Шрифт:
Интервал:
Закладка:
Последние минуты нашей бесконечной и вместе с тем слишком короткой прогулки я скорее нес, чем поддерживал деда. Известно, что переживания являются ответом человека на обстоятельства жизни, когда они становятся слишком трудными. В свою очередь, тело является регулятором наших переживаний. При ослаблении или потере сознания оно помогает эмоциям, когда они оказываются слишком острыми, подобно тому, как эмоции приходят на помощь переутомленному рассудку. Мой дед был до того переутомлен, что уже не успевал страдать от переживаний. Мы находились в этот момент еще так далеко от скамеек у каменного стола, что они, слава Богу, утратили для деда всякое эмоциональное значение. Они стали лишь спасительной гаванью, где смог отдохнуть вконец измотанный старик. Тело дедушки пожалело его.

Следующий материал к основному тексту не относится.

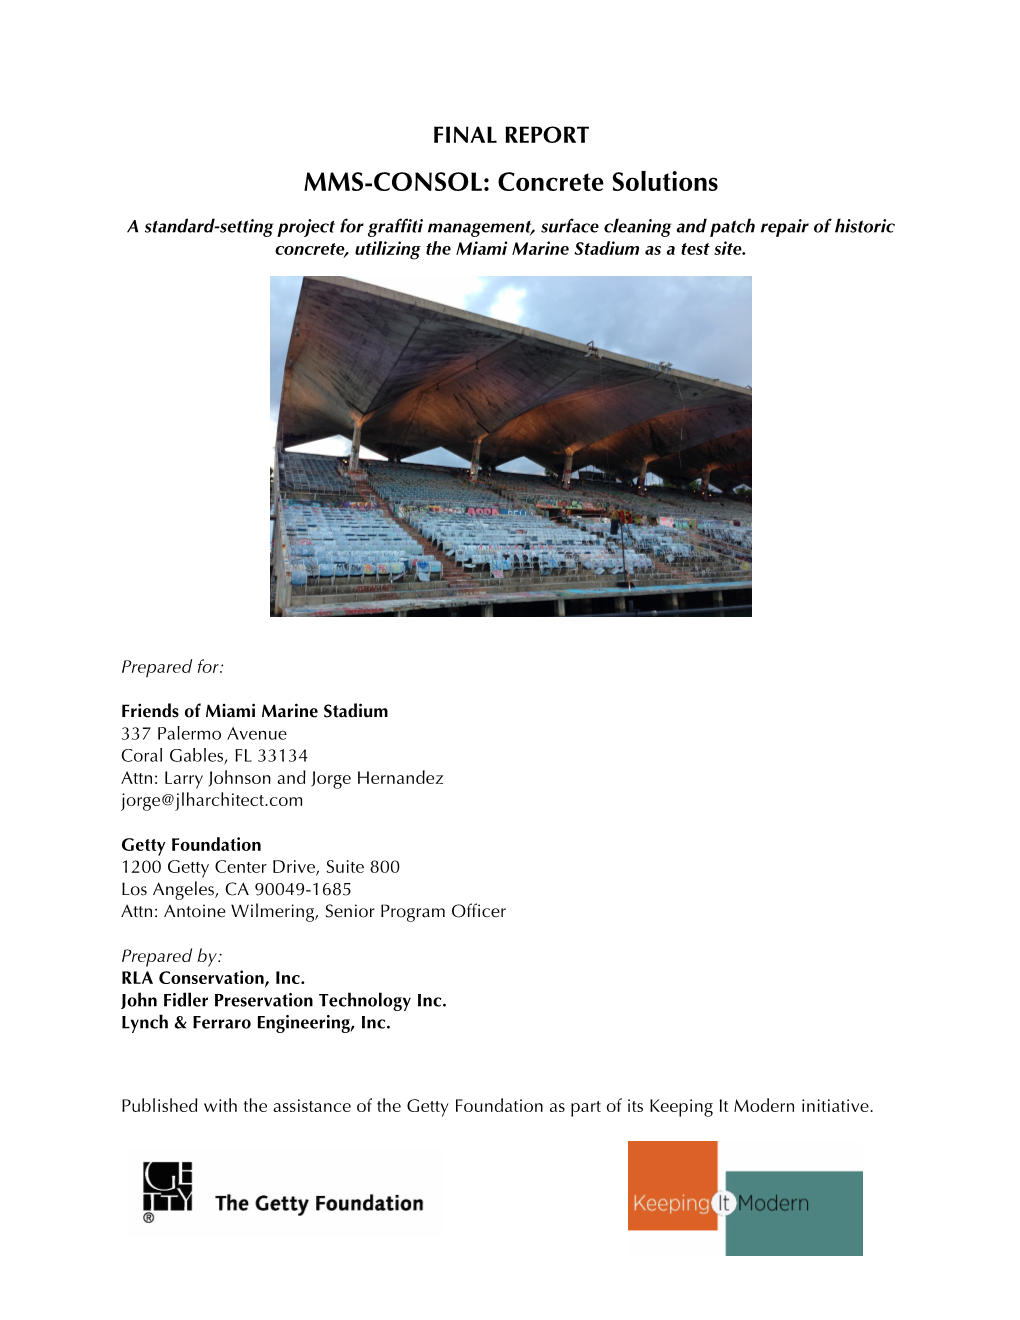 Miami Marine Stadium Concrete Solutions Report

Список испытаний, выпавших на нашу долю, еще не был исчерпан. Не могли же мы покинуть Плесси-ле-Водрёй, как покидают гостиницу. Нам предстояла еще одна остановка в нашем хождении по мукам: надо было попрощаться со всеми, кто пережил вместе с нами конец нашей славы и нашу агонию. Пока мы с дедом прогуливались вокруг пруда, Пьер, Клод и Филипп собрали в большой гостиной, такой же опустевшей, как и столовая, всех, кто так или иначе участвовал в нашей жизни. Там были садовники, возчики, сторожа, дорожные рабочие, все те, кто в годы процветания составлял личную гвардию нашего феодального семейства. Пришли туда также мэр и настоятель, шорник и маляр, монашенки из приюта, учитель-коммунист, почтовая служащая — все те, включая их детей, кто когда-то присутствовал на наших свадьбах и наших праздниках. Филипп и Клод привезли в машине тех, кто жил далеко: фермеров, сторожей отдаленных участков наших лесов. Большинство из них уже приходили, по одному, с огорчением узнав о нашем близком отъезде. Все они теперь собрались и ждали нас.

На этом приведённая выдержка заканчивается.